Tessa was momentarily surprised Starchild had any background in mathematics at all, until she remembered that [Druids] weren’t random forest dwellers but among the most sophisticated nature conservationists in the world. Their magics were intended to work with the natural world to the greatest degree possible, which meant understanding things like seasonal flooding, and weather prediction, and population growth and decline through multivariable analysis.
“You’ve got more or less exactly the skill set we need,” Tessa said. “There’s more variation in what we do here than there was in the game, but it still seems to center around the numerical means the game stats expressed.”
“I’m having flashbacks to freshmen year calculus,” Pete said.
“That’s not calculus,” Rip said. “It’s statistics.
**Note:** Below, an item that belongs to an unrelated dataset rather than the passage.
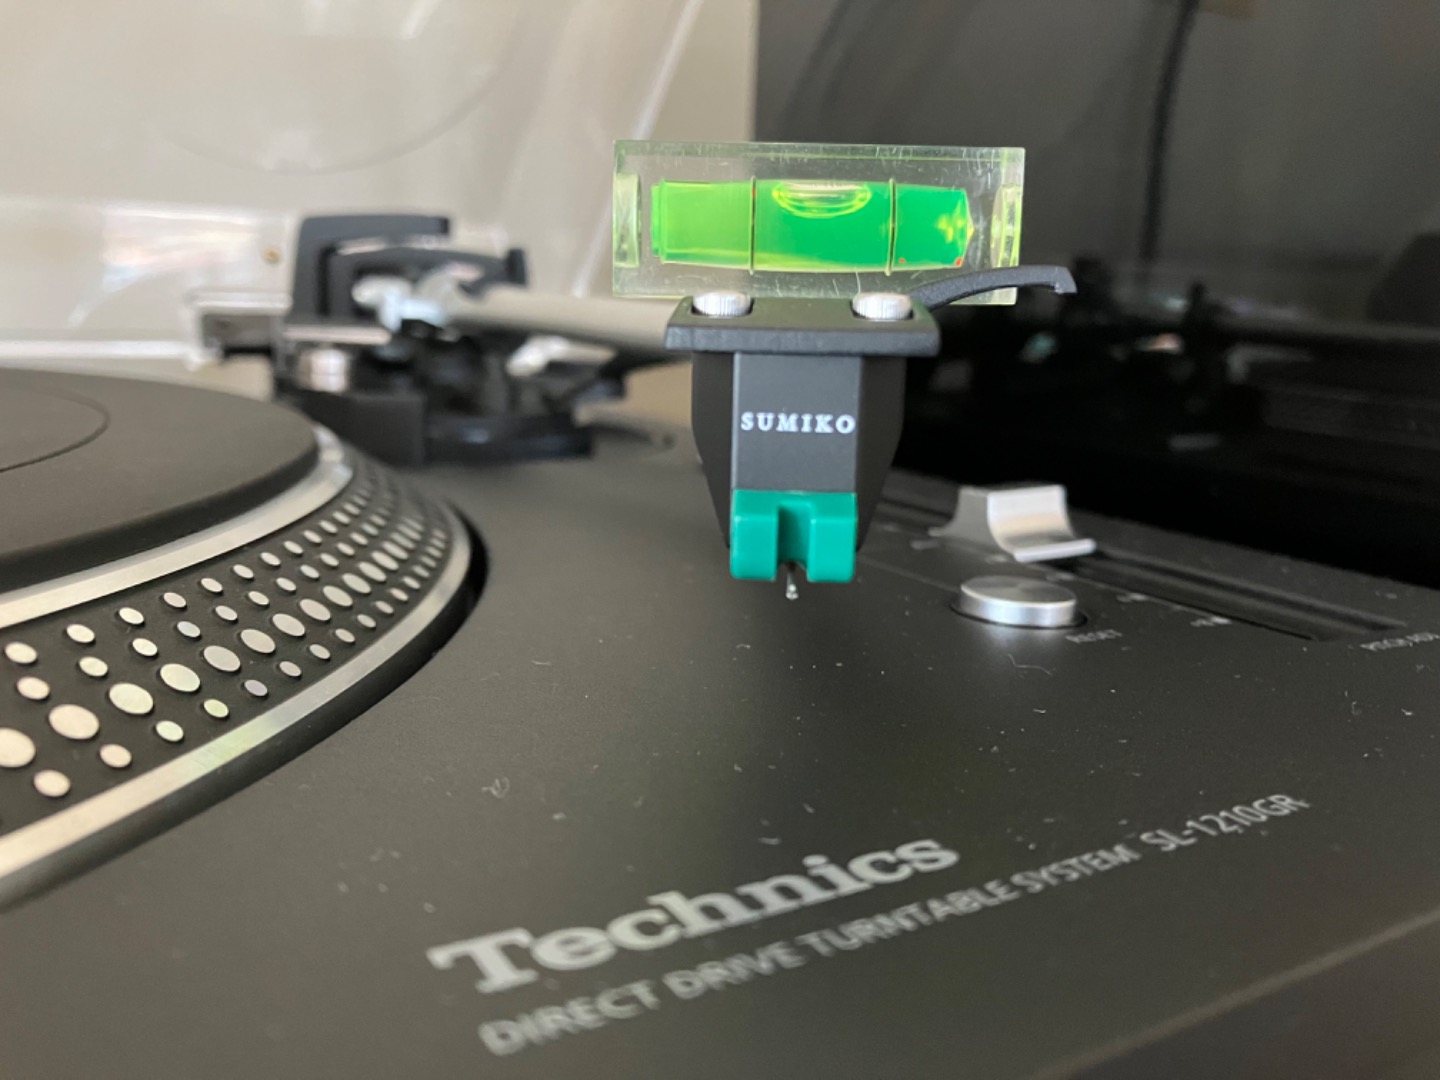 Technics SL-1200GR turntable, for DJs or audiophiles or both? - CNET

Did you actually take math at all?”
“Yes. Was I a terribly lazy student? Also yes. Should I stop complaining? Most certainly. I mean, you’re not wrong. We know all the top raid guilds have at least one total math head in them. If one of you can step up to fill that spot, more power to you.”
“My background is in CS, but there’s enough math overlap there that I’m used to parsing performance numbers,” Tessa said. “What I don’t have, is a good method of gathering them together, and doing the calculations in my head is going to be a pain.”
“We don’t need to start with the hard numbers,” Lisa said. “If we want to work on polishing our teamwork, we can start a lot simpler. We know the fights now. We know what we did in them last time. If we head back to the gate on floor 1 and start over again we can also start with a plan. We make one up, we step inside, we do our best with it, then we regroup, discuss what worked, what didn’t and what we want to try again. Then we step back outside and try it again.”
“Won’t things change as we level up though?” Rip asked. “I mean, I got [Thunder’s Echo] just after this last fight. That definitely would have been helpful with those first guys.”
“We won’t be ‘polished to perfection’, or anything like that,” Lisa said. “Even end game raiders don’t reach ‘perfection’ though since the game itself keeps changing under them and what was perfect last week is mediocre in the face of whatever new gear or balance changes just dropped.”
“That’s good news though,” Tessa said. “We’re not just doing this for ourselves after all. The path we’re clearing here? It’s one we need almost everyone we know to be able to follow, because we’re going to need a whole bunch of help if we’re going to save our worlds.”